**Required work**
With the pictures set aside, write out all of the data exactly as it stands.

**Provided data**
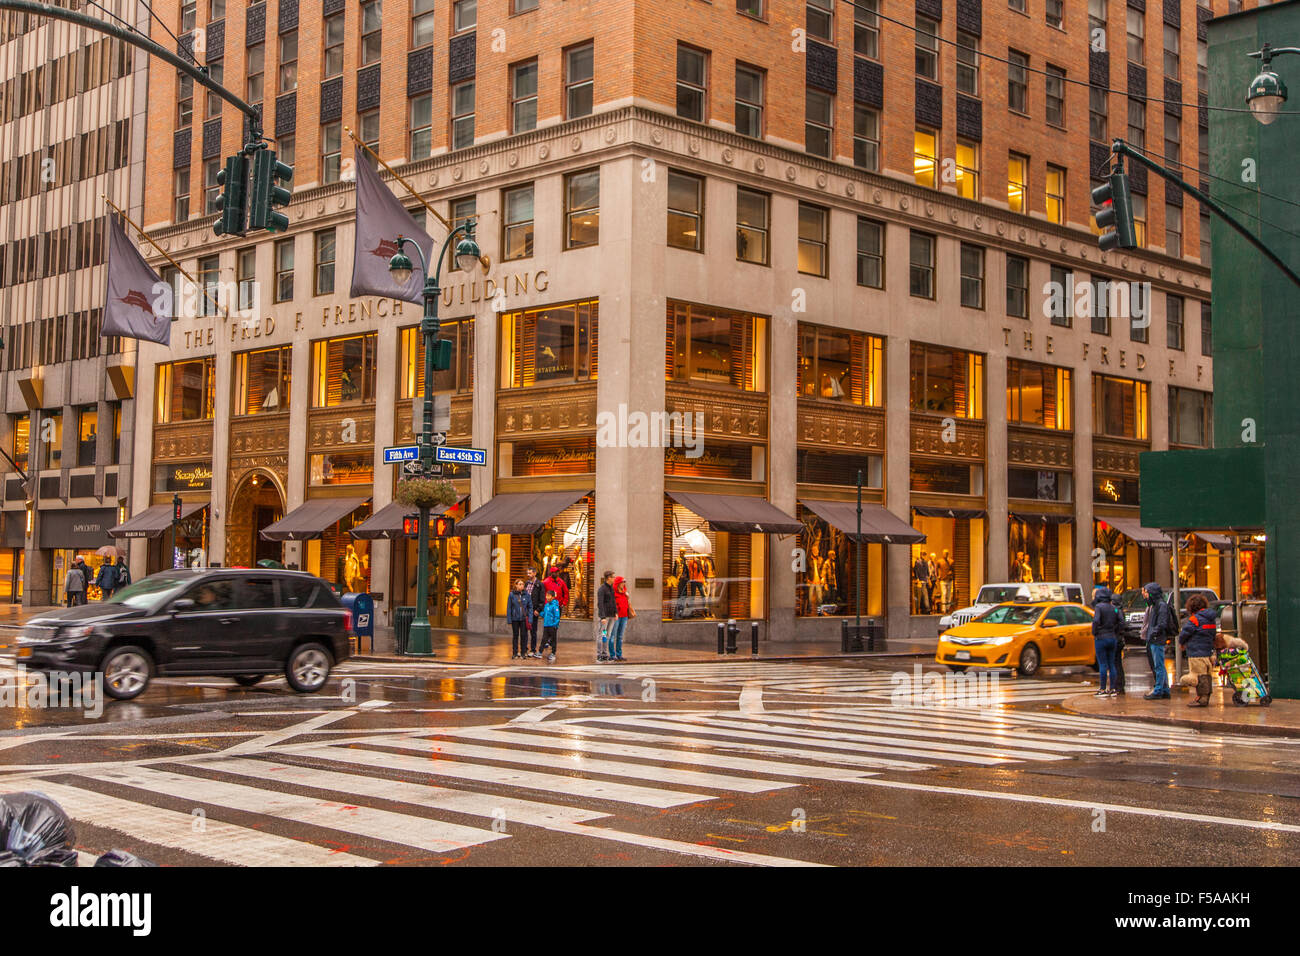 Die Fred F. Französisch Building, 5th Avenue, New York City, Vereinigte Staaten von Amerika. Stockfoto
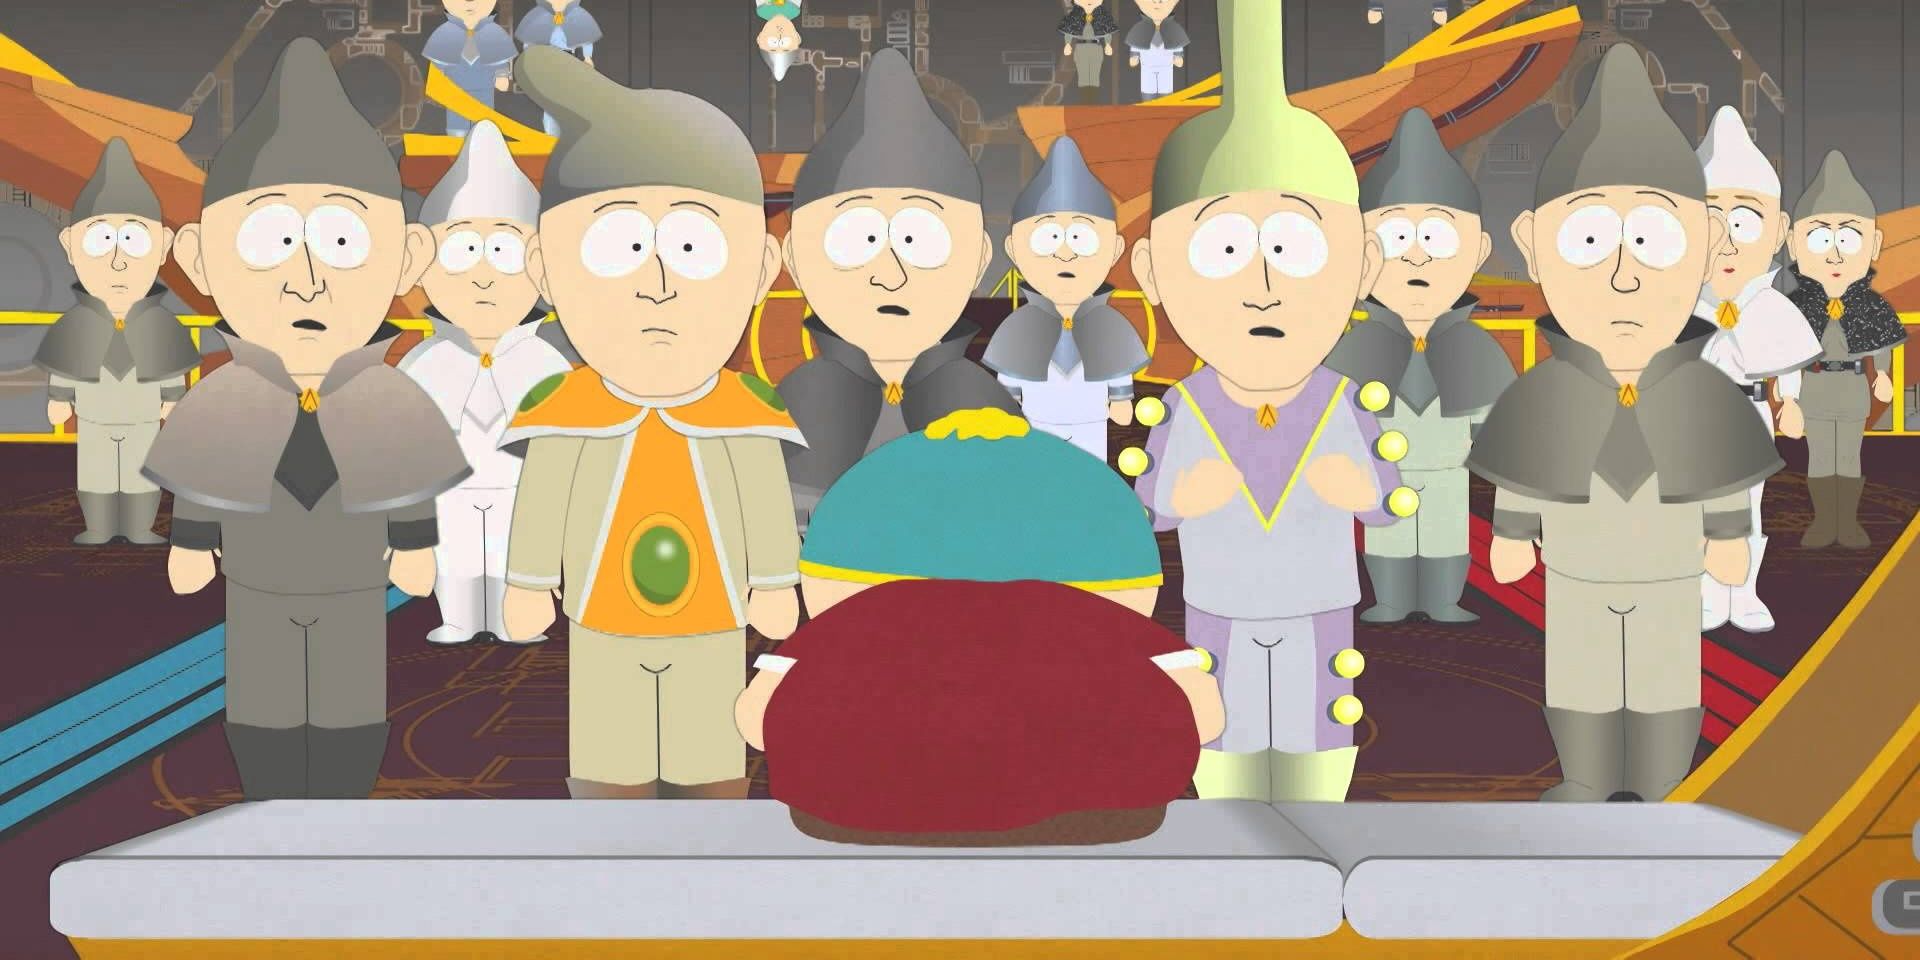 Go God Go, a South Park episode
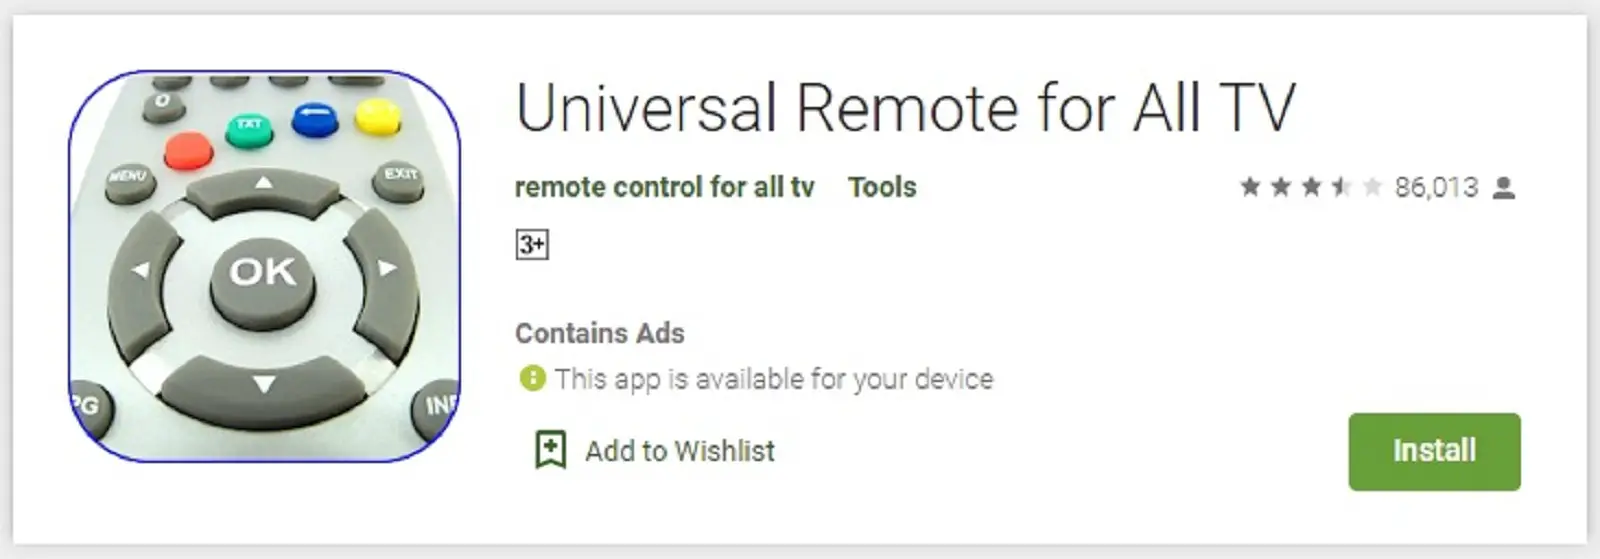 Universal Remote for All TV, Aplikasi Remote TV Tabung Bisa Semua Merk

**The answer**
 Die Fred F. Französisch Building, 5th Avenue, New York City, Vereinigte Staaten von Amerika. Stockfoto
 Go God Go, a South Park episode
 Universal Remote for All TV, Aplikasi Remote TV Tabung Bisa Semua Merk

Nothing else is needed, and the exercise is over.